Some 250 miners were still underground at Gold One mine on the East Rand yesterday, allegedly being held as ‘hostages’, after 200 had managed to make it to the surface.
The mining company, which BusinessLIVE reported ‘counts the China-Africa Development Fund as an investor’, said it was ‘extremely concerned about the health and wellbeing of those still underground’.
Negotiations were under way with the Association of Mineworkers and Construction Union (AMCU) and the police ‘to work out the best route to release the remaining employees’.
According to reports, more than 500 National Union of Mineworkers (NUM) members were being held underground against their will by AMCU ‘captors’.
However, AMCU General Secretary Jeff Mphahlele denied the allegation and said that NUM members who wanted to join AMCU were taking part in a sit-in. This was in protest at the exclusion of AMCU from labour relations at the mine.
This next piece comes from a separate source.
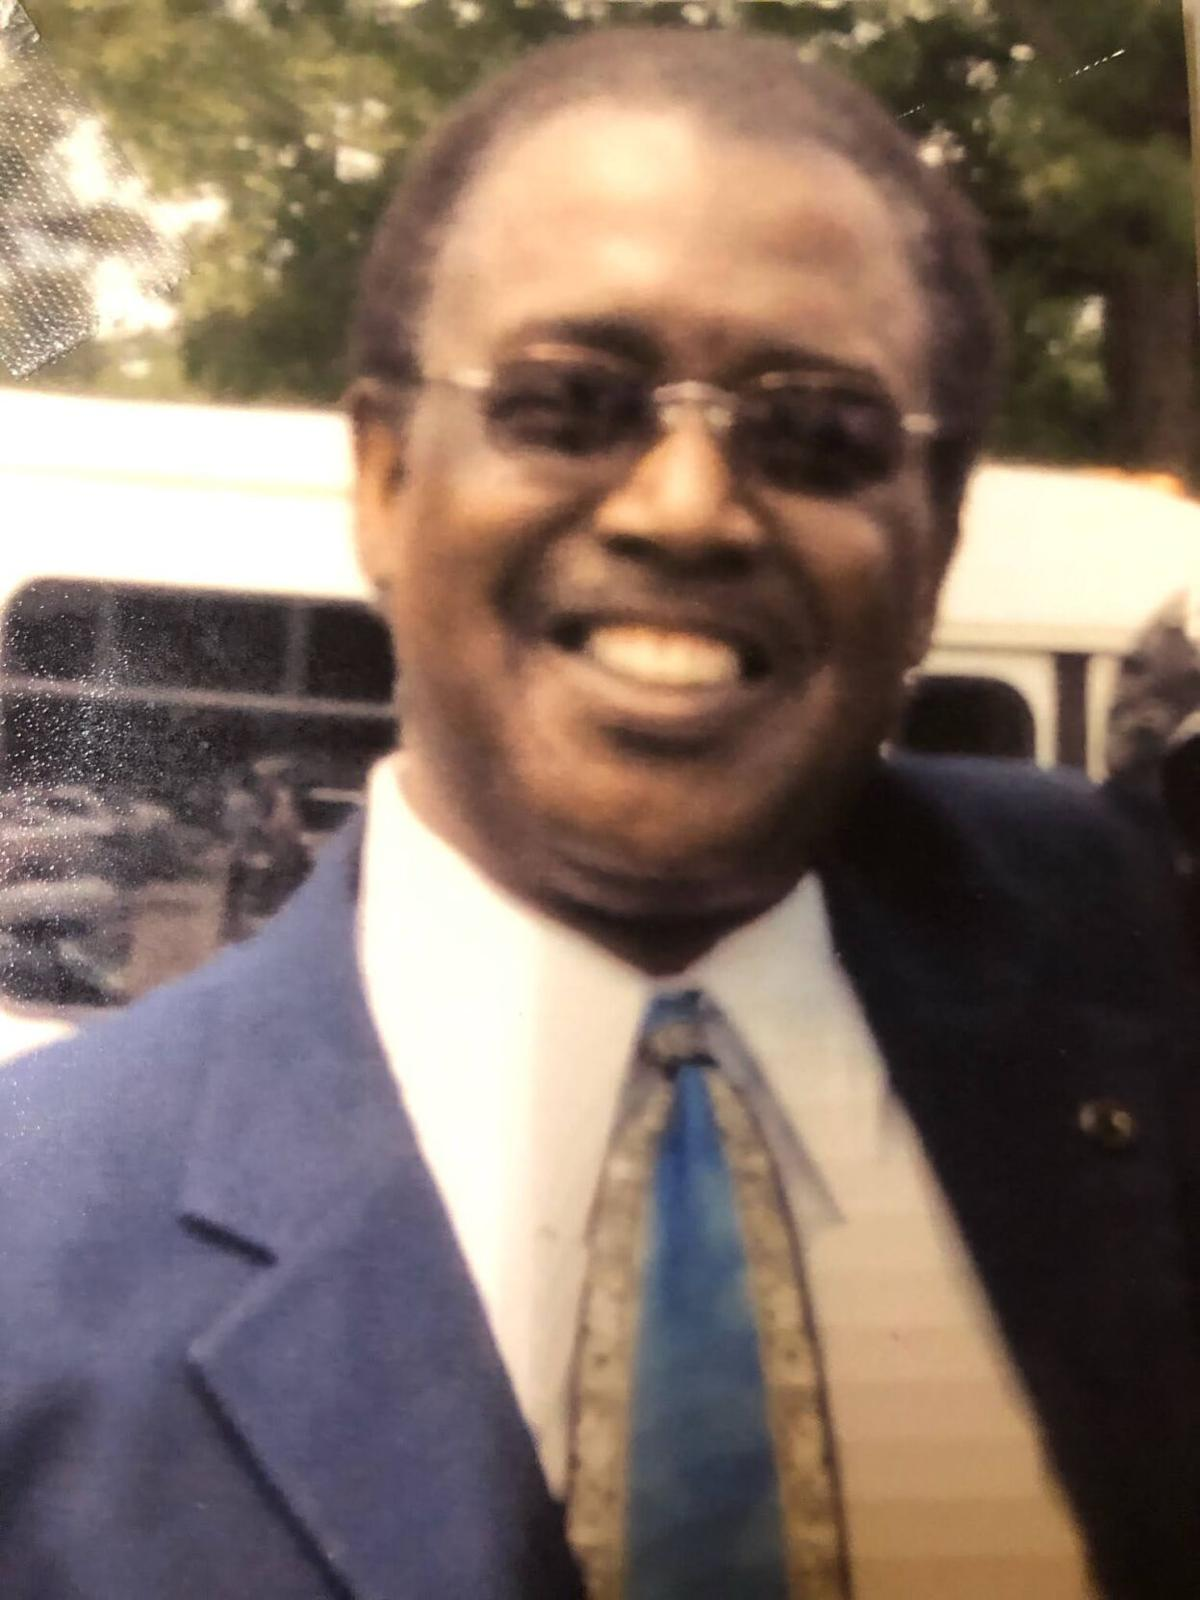 Minister Walter Prater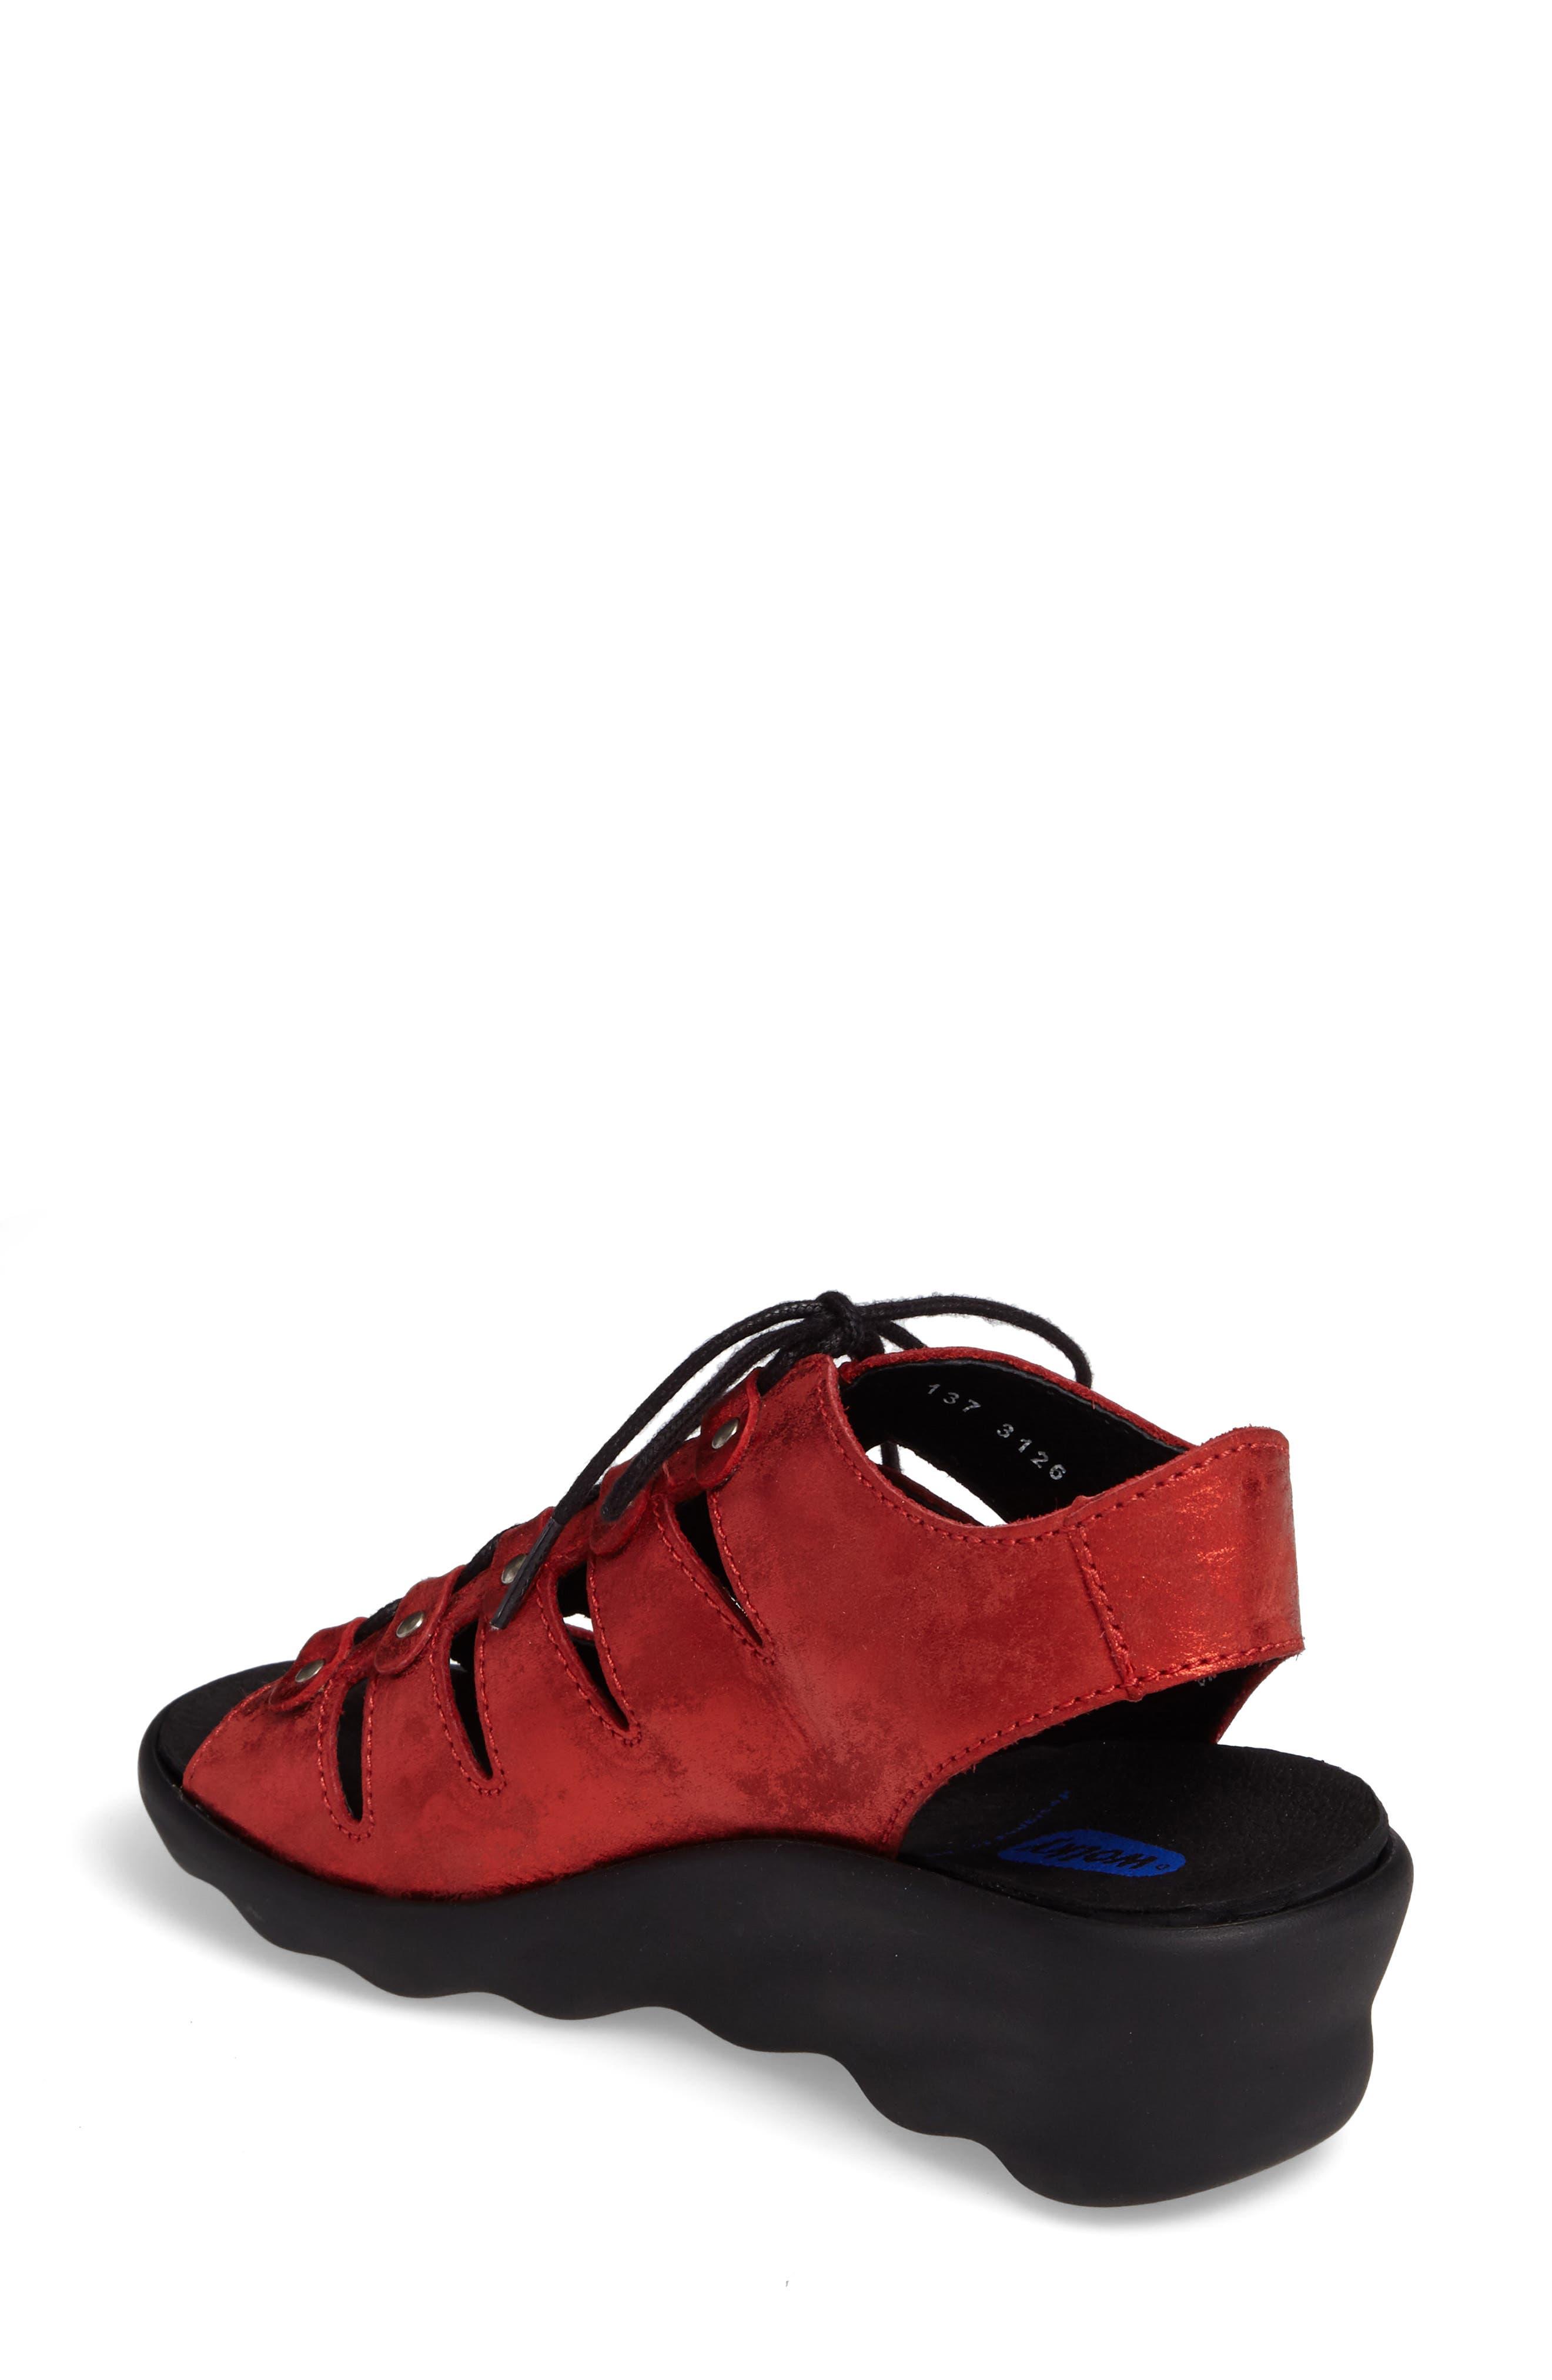 Alternate Image 2  - Wolky Arena Sandal (Women)

AMCU president Joseph Mathunjwa said that about 1 700 of the total of 1 800 employees at the mine ‘have completed membership forms to join AMCU, so it is completely nonsensical to claim that anybody is being held hostage when it is clear that AMCU is the outright majority’.
However, the mineworkers who returned to the surface yesterday morning said they had managed to do so after fighting and overpowering their captors, who had held them hostage underground for more than 48 hours.
In an earlier report, NUM spokesman Livhuwani Mammburu said nine NUM workers had been injured by people that he alleged were the hostage-takers.
‘It’s now a crime scene. The police must arrest the perpetrators, the mine cannot ensure their safety. Our members have been kidnapped against their will’, Mammburu told Daily Maverick.